Ok I have a question for you DIYers. First off let me tell you folks I am CHEAP. I am having light problems with the crappy stock lights on my 60" 120g tank. So here I am with a question, if I took this http://www.lowes.com/lowes/lkn?action=productDetail&productId=208484-13537-234SLESW&lpage=none and mounted it in a custom wooden "canopy" and then used this http://www.petsolutions.com/Coralife+Color+Max+Bulbs-I-96300503-I-C-40001732-C-.aspx for bulbs would that work out. It would be used over the stock glass cover. I don't need tons of light, but the measly 18w stock lights really suck. Tell me what you think.


----------



## Mrmofo (Feb 11, 2007)

if your tank is 49 1/2" long id say go for it...just be careful those lights need to be fixed to somthing ive put tons up in the trade...just make sure the terminal strip is siliconed or somthing with alot of water protection u dont want your A and N making friends.make sure its properly earthed too (the casing if its metal in any fitting needs to be earthed) thicker the wire the better and safer. if your built an enclosure and put a reflector on it, it would be safer so water cant be accidently dripped or anything onto it...this has alreaddy given me an idea for a good enclusure for myself...have u done any electrical work b4?


----------



## Nanoguy (Feb 6, 2007)

My tank is actually 60 inches long but I figured a few inches on each side wouldn't hurt. I have done some minor electrical work like installing light fixtures in my garage and house and wiring ballasts. Just thought this would be a easy project if done right.


----------



## Brandon (Dec 14, 2006)

Ya that would work just hang it like 10 inches or more above the tank to get the wide spread.


----------



## usmc121581 (Jul 31, 2006)

You would have to compare the wattage on the ballest to the wattage on the bulb. If the light doesnt pull more wattage then the ballast then it will work. It might burn the ballast out quicker because they are not made for that purpose.


----------



## caferacermike (Oct 3, 2006)

The real question is whether the lighting will be sufficient for what you want.


----------



## Nanoguy (Feb 6, 2007)

With the stock lights right now I have 32w total over 120g, that works out to a whopping .26666666 WPG. I found some ballast a Lowes today that will run 2-40W T12 bulbs as well as some GE bulbs for aquariums that were 48" long and 40w each. If I built a canopy with 2 ballast and stagger 4-40w lights I would be getting around 1.3 WPG, not going to grow any huge plants but plenty good for my oscar tank. Keeing in mind I know the WPG rule isn't the best but it is good enough for this project. 
I am looking at supplies as follows.
2 2x40w ballast ($15 each)
4 40w GE bulbs ($8 each)
8 endcaps ($2 each)
material for reflector ($15)
wood for canopy ($25)
misc. wire, screws, hinges, wire nuts, etc ($30)

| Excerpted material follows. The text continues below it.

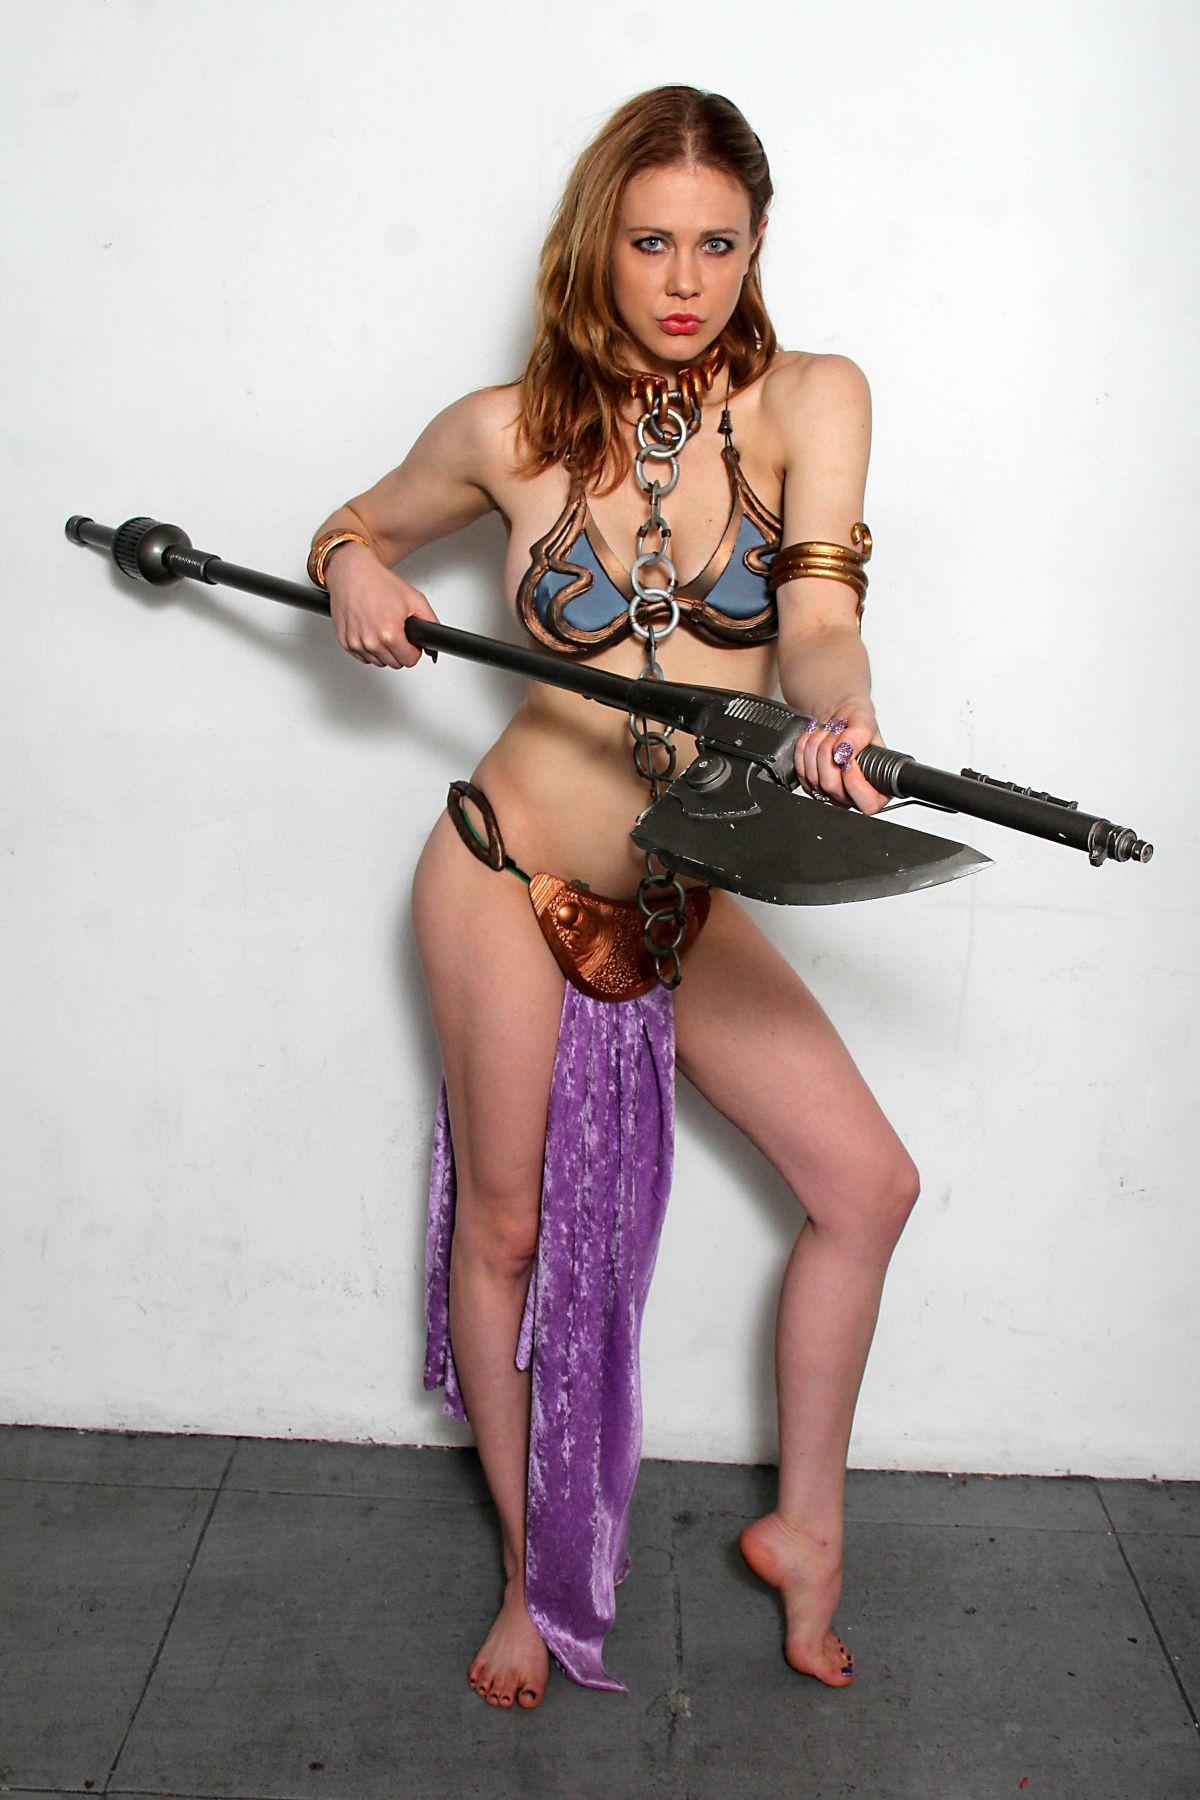 maitland-ward-princess-leia-photoshoot-at-meltdown-comics-in-los-angeles_12.jpg (JPEG 画像, 1200x1800 px) - 表示倍率 (50%)

I probably forgot a few things but that is the basics. I figure I'll have about $150 in it all together. To be honest, for a little more I could probably buy a decent fixture but what the hell. I'm so broke this gives me the option of buying stuff little by little.

I am also having issues with my Nanocube lights and will probably have to send it to nanotuners for a light upgrade. I cannot for the life of me figure out what is wrong with it.


----------